The facility first opened in 1993 as a county prison with capacity to house state prisoners, and was then acquired and expanded by the Corrections Corporation of America in 1998.[1] It has a capacity of 1129 inmates. Until October 2016 it housed federal minimum-security prisoners under a contract with the United States Federal Bureau of Prisons[2] and the United States Marshal Service.[3] but was soon re-opened under a new contract with U.S. Immigration and Customs Enforcement.
This facility is unrelated to Western New Mexico Correctional Facility, also in Cibola County, operated by the New Mexico Corrections Department with an inmate capacity of 440.
Before the facility was closed in 2016, it had been a "standout example of the problems at the BOP's private prisons".[4]
Almost 700 Cibola County inmates staged a non-violent protest of prison conditions on April 23, 2001 and were tear-gassed.[5] In March 2013 about 250 inmates staged another non-violent protest, which was resolved peacefully.
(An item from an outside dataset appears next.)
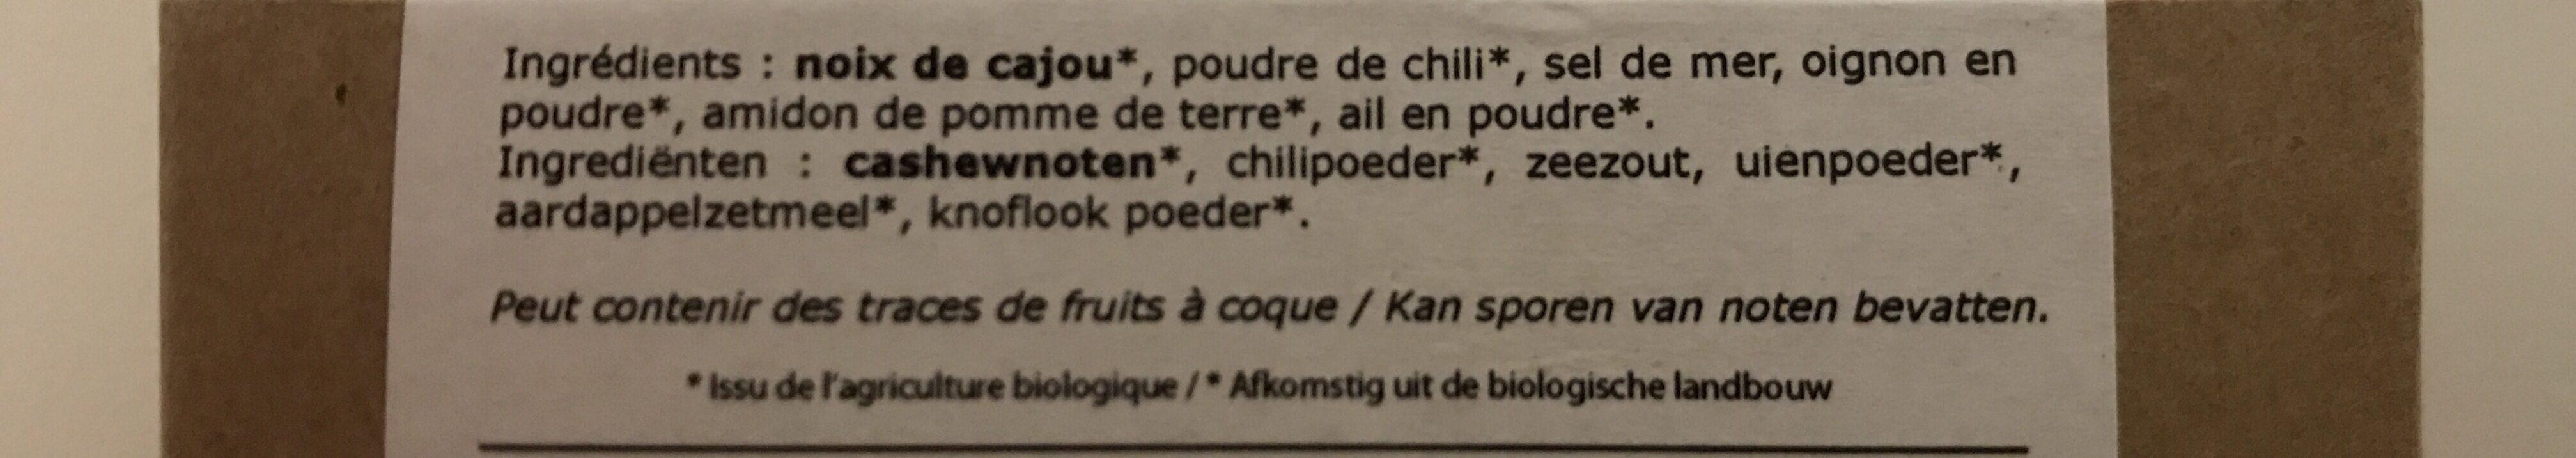 Noix de cajou grillees au chili - Ingrediënten

Prison officials declined to reveal the reason for the protest.[6] As of June 2002, 95% of prisoners held in Cibola County were undocumented Mexican nationals.[7]
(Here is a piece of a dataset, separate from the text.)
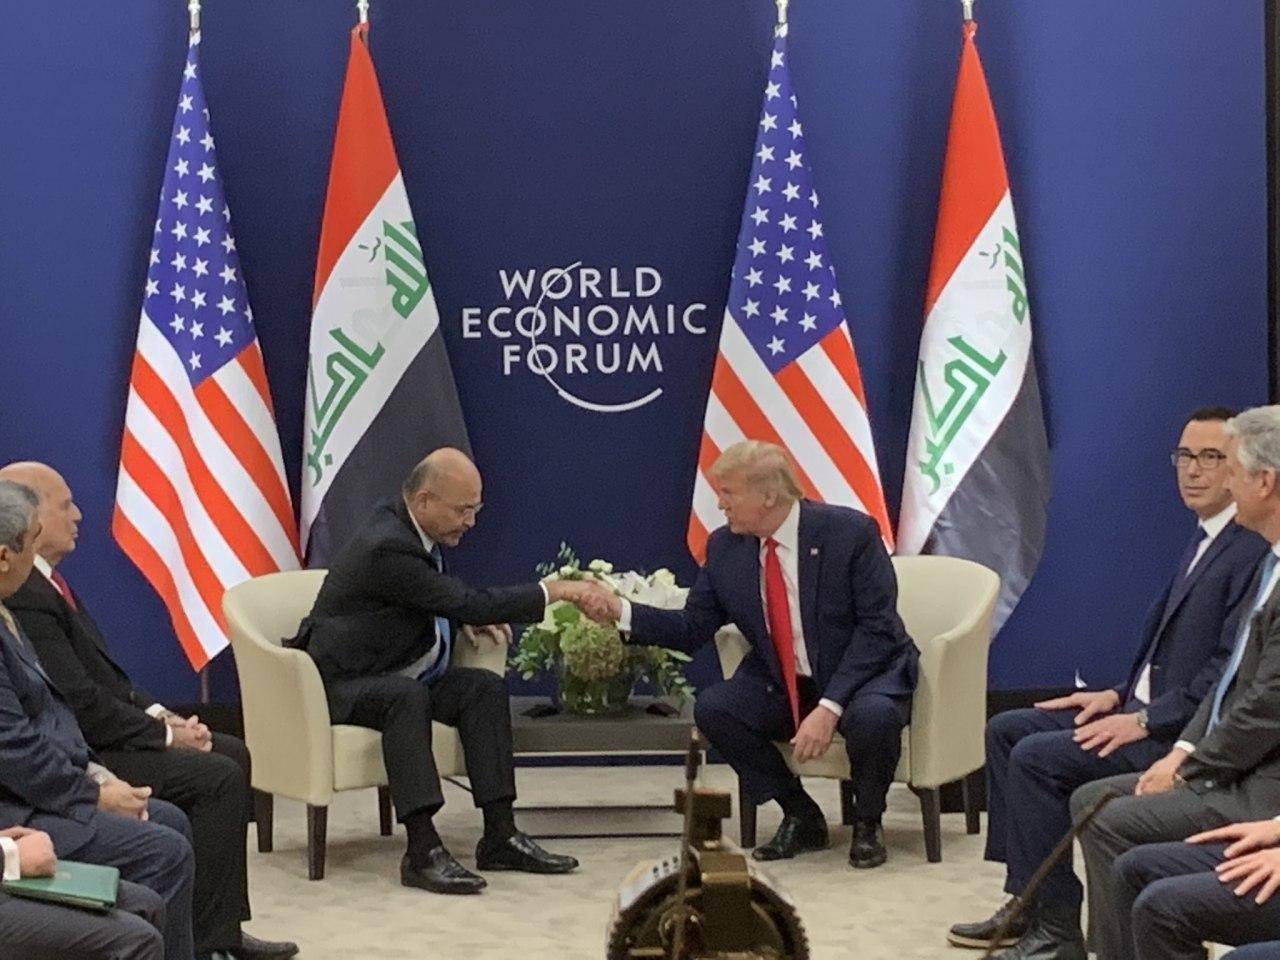 علیرغم مخالفتها، برهم صالح با ترامپ دیدار کرد

From 2007-2016, 30 of the 34 citations against the facility were related to poor medical care, including the lack of an on-location doctor, failure to perform CPR, and lack of mental health evaluation for a suicidal inmate.[8]
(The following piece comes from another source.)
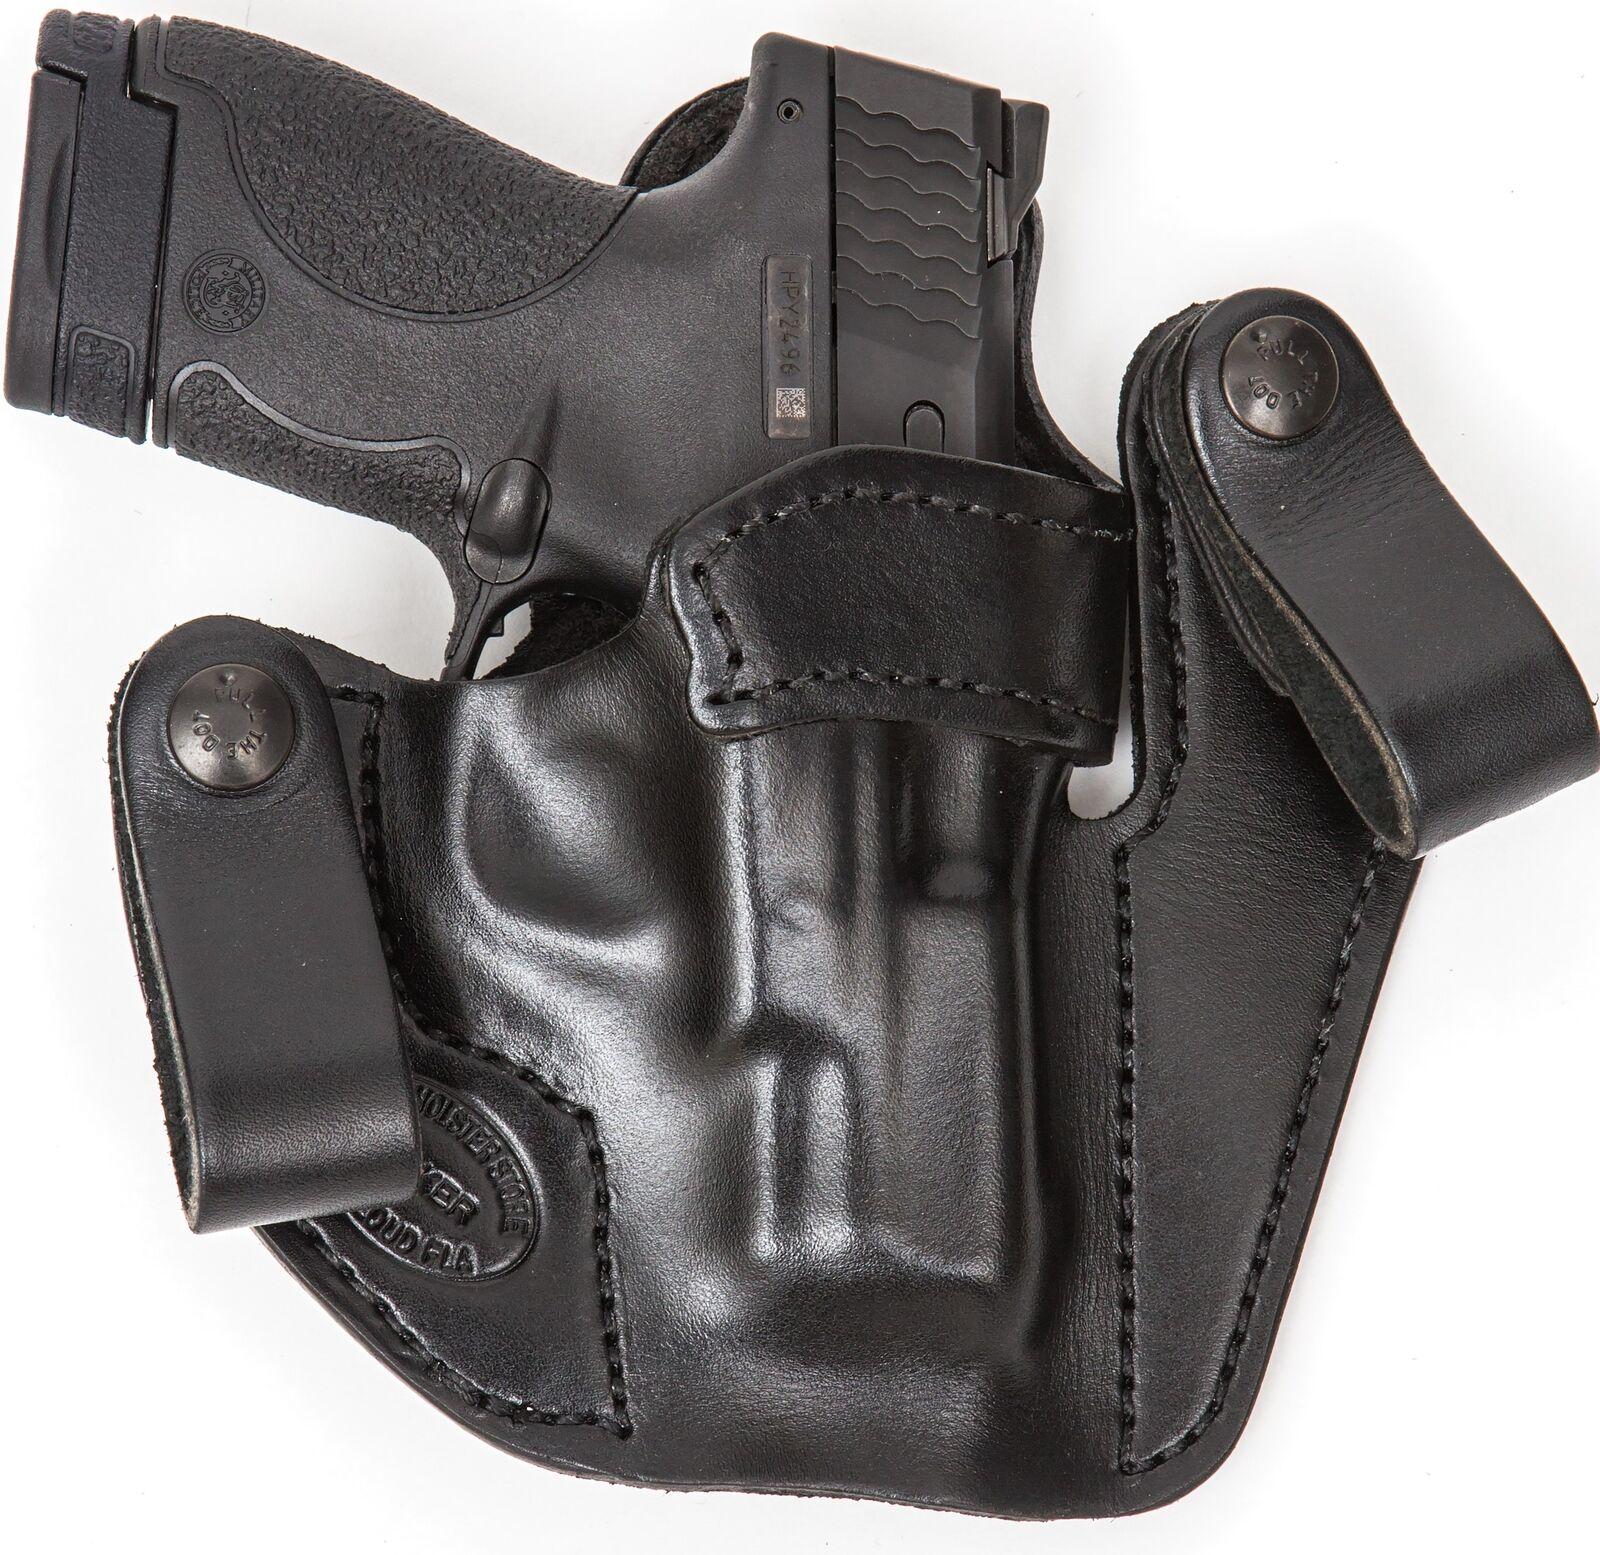 XTREME For CARRY RH LH IWB Leder Gun Holster For XTREME CZ P01 Full Größe b3e971

In August 2016, Justice Department officials announced that the FBOP would be phasing out its use of contracted facilities, on the grounds that private prisons provided less safe and less effective services with no substantial cost savings. The agency expected to allow current contracts on its thirteen remaining private facilities to expire.[9] The same month CCA announced that their federal contract had not been renewed. The FBOP removed its last prisoner on October 1, and facility was slated to close with the loss of about 300 local jobs.[10]